I favor an approach that emphasizes elements and categories.  I think the FTC should require two elements in any section 5 case, namely: (1) unfair methods and (2) harm to competition or the competitive process.  Unfair methods is an actus reus, or conduct element, familiar to lawyers, and means conduct that is in some way deceptive, collusive, coercive, predatory, exclusionary, or otherwise oppressive.

While it’s at it, the agency should make clear, also, some of its criteria for deciding whether to bring a case — like its relative institutional expertise, the prospects of follow-on litigation by private plaintiffs, and the possibility of deference to other enforcement agencies or legal institutions.

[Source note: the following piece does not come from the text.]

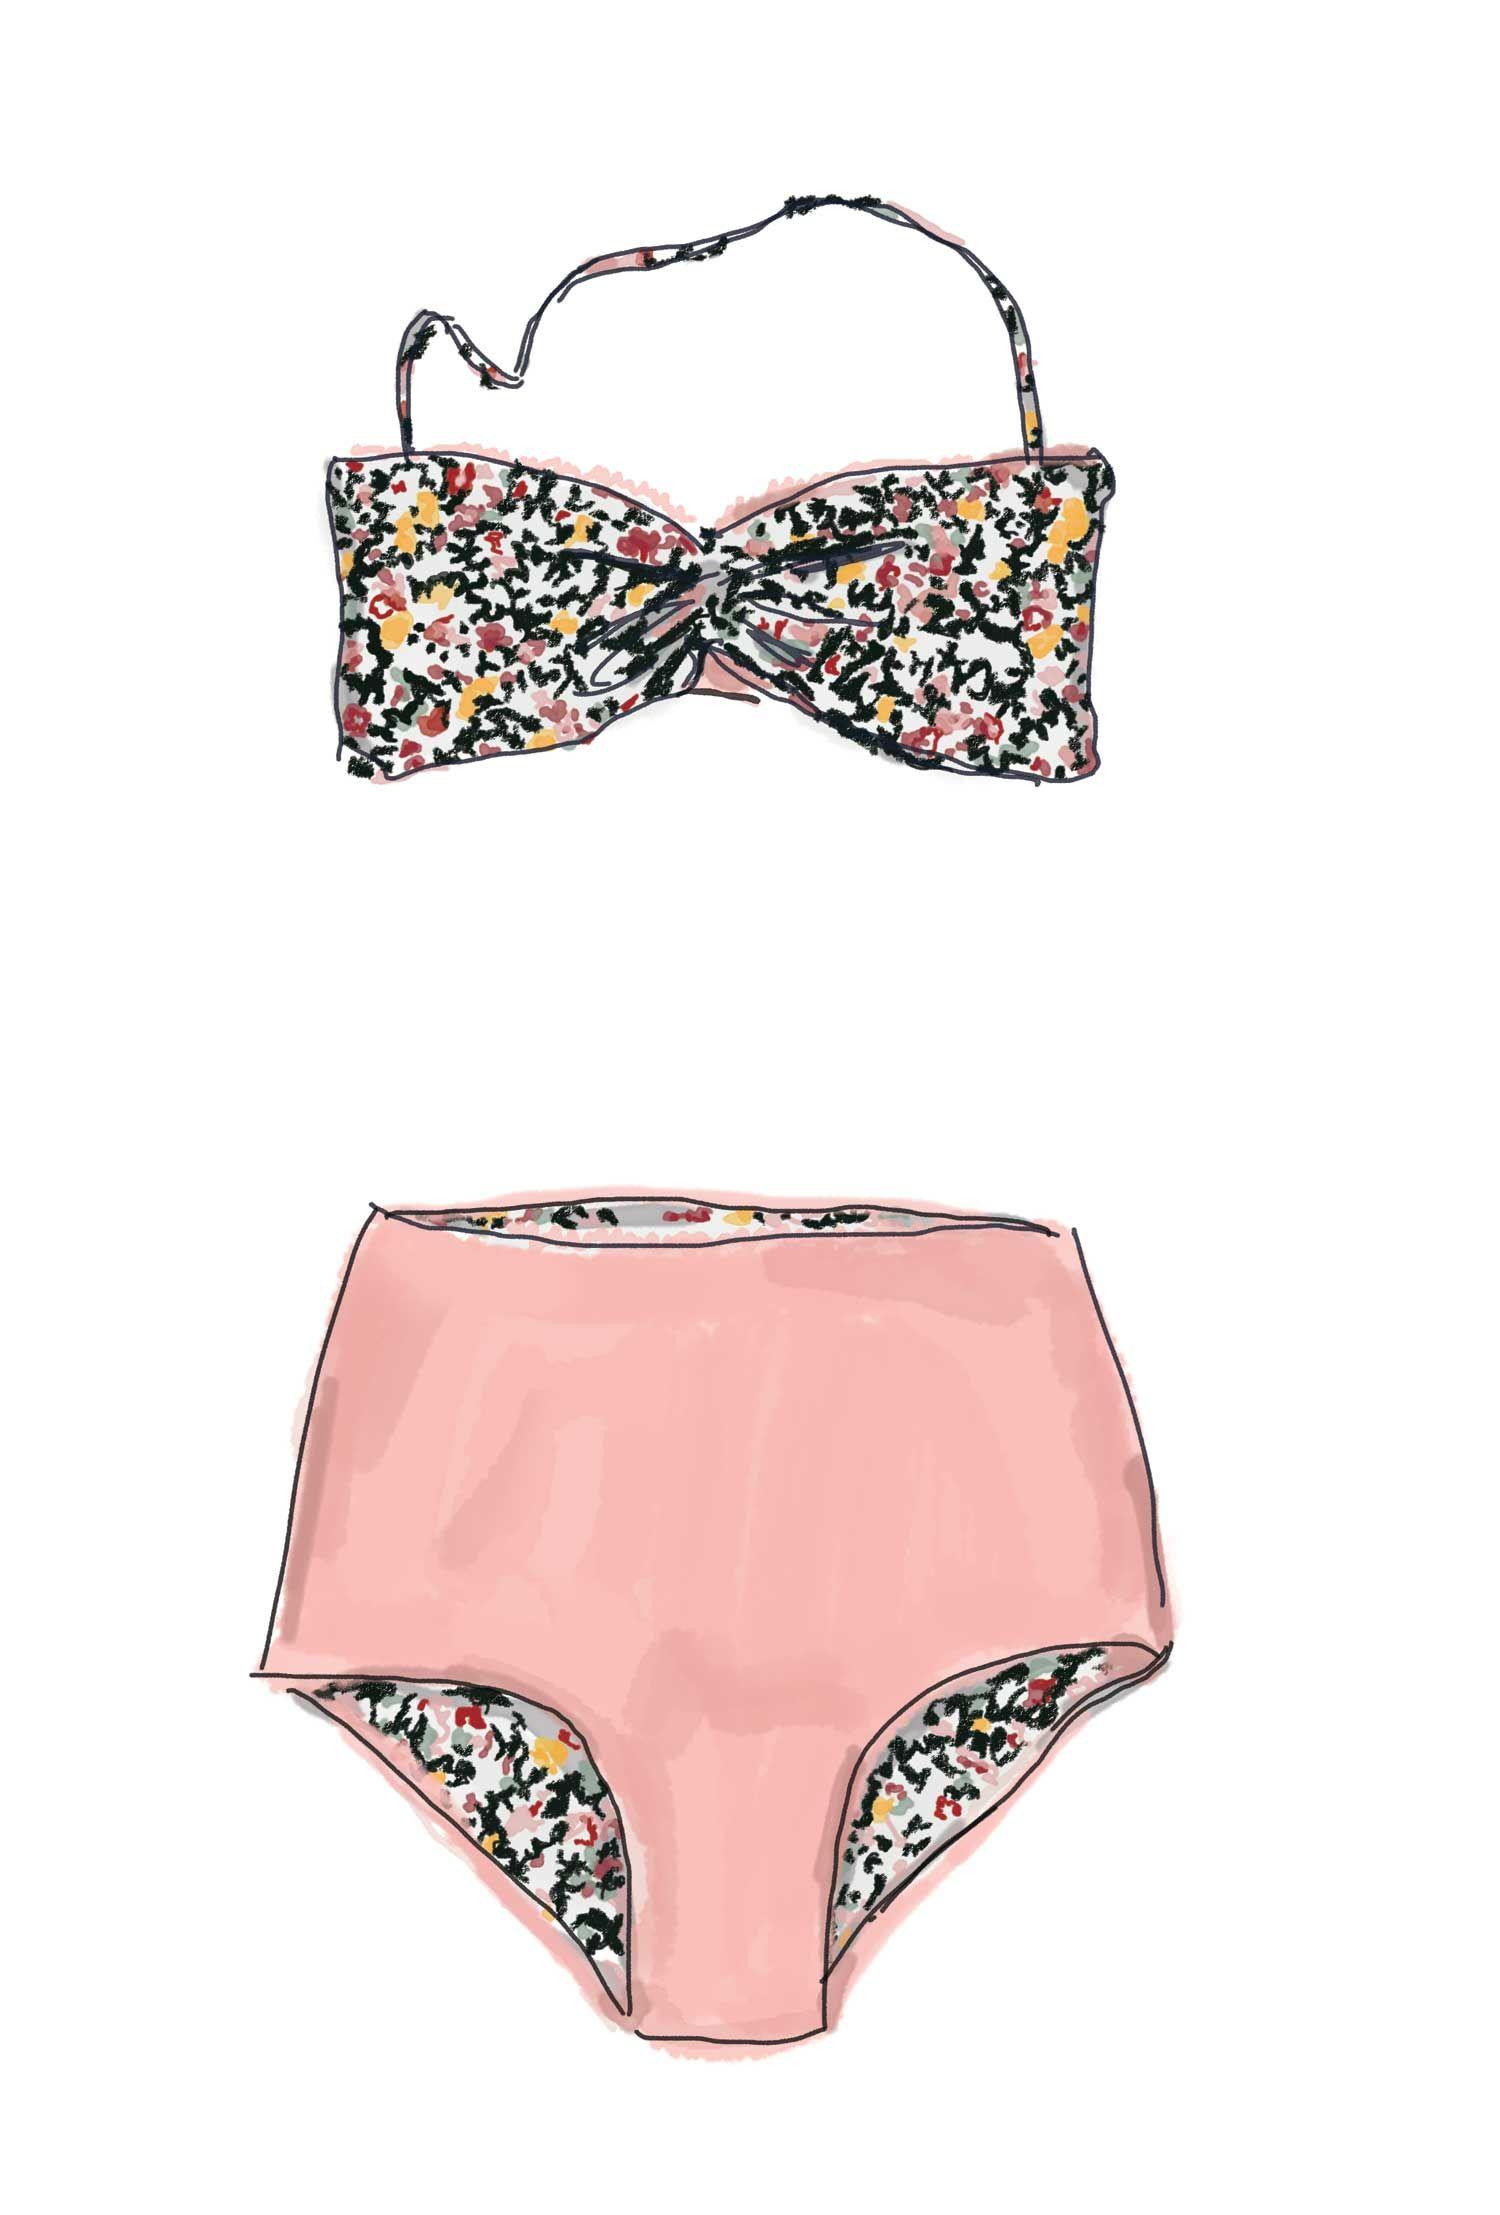 svg black and white Pin on i like. Bikini drawing bathing suit

In addition to elements, I think the Commission should create clearer categories that delineate what kind of Section 5 cases it will bring.  Three categories that come to mind are (1) conduct that violates the letter of the Sherman Act; (2) conduct contrary to the policy of the Sherman Act, though possibly beyond the letter; and (3) conduct that independently threatens the competitive process.  The third category is obviously the most interesting and open-ended, but I think it could be cabined by strict attention to the conduct and harm elements.  In particular, as in Section 2 cases, pro-competitive justifications would have to be taken very seriously.

There’s obviously much more to say, but I’ll end instead with a quote from Justice Cardozo about the FTC that I like.  “The careless and the unscrupulous must rise to the standards of the scrupulous and diligent. The Commission was not organized to drag the standards down.”

Tim Wu was formerly a senior advisor to the FTC, but the views expressed here are entirely his own.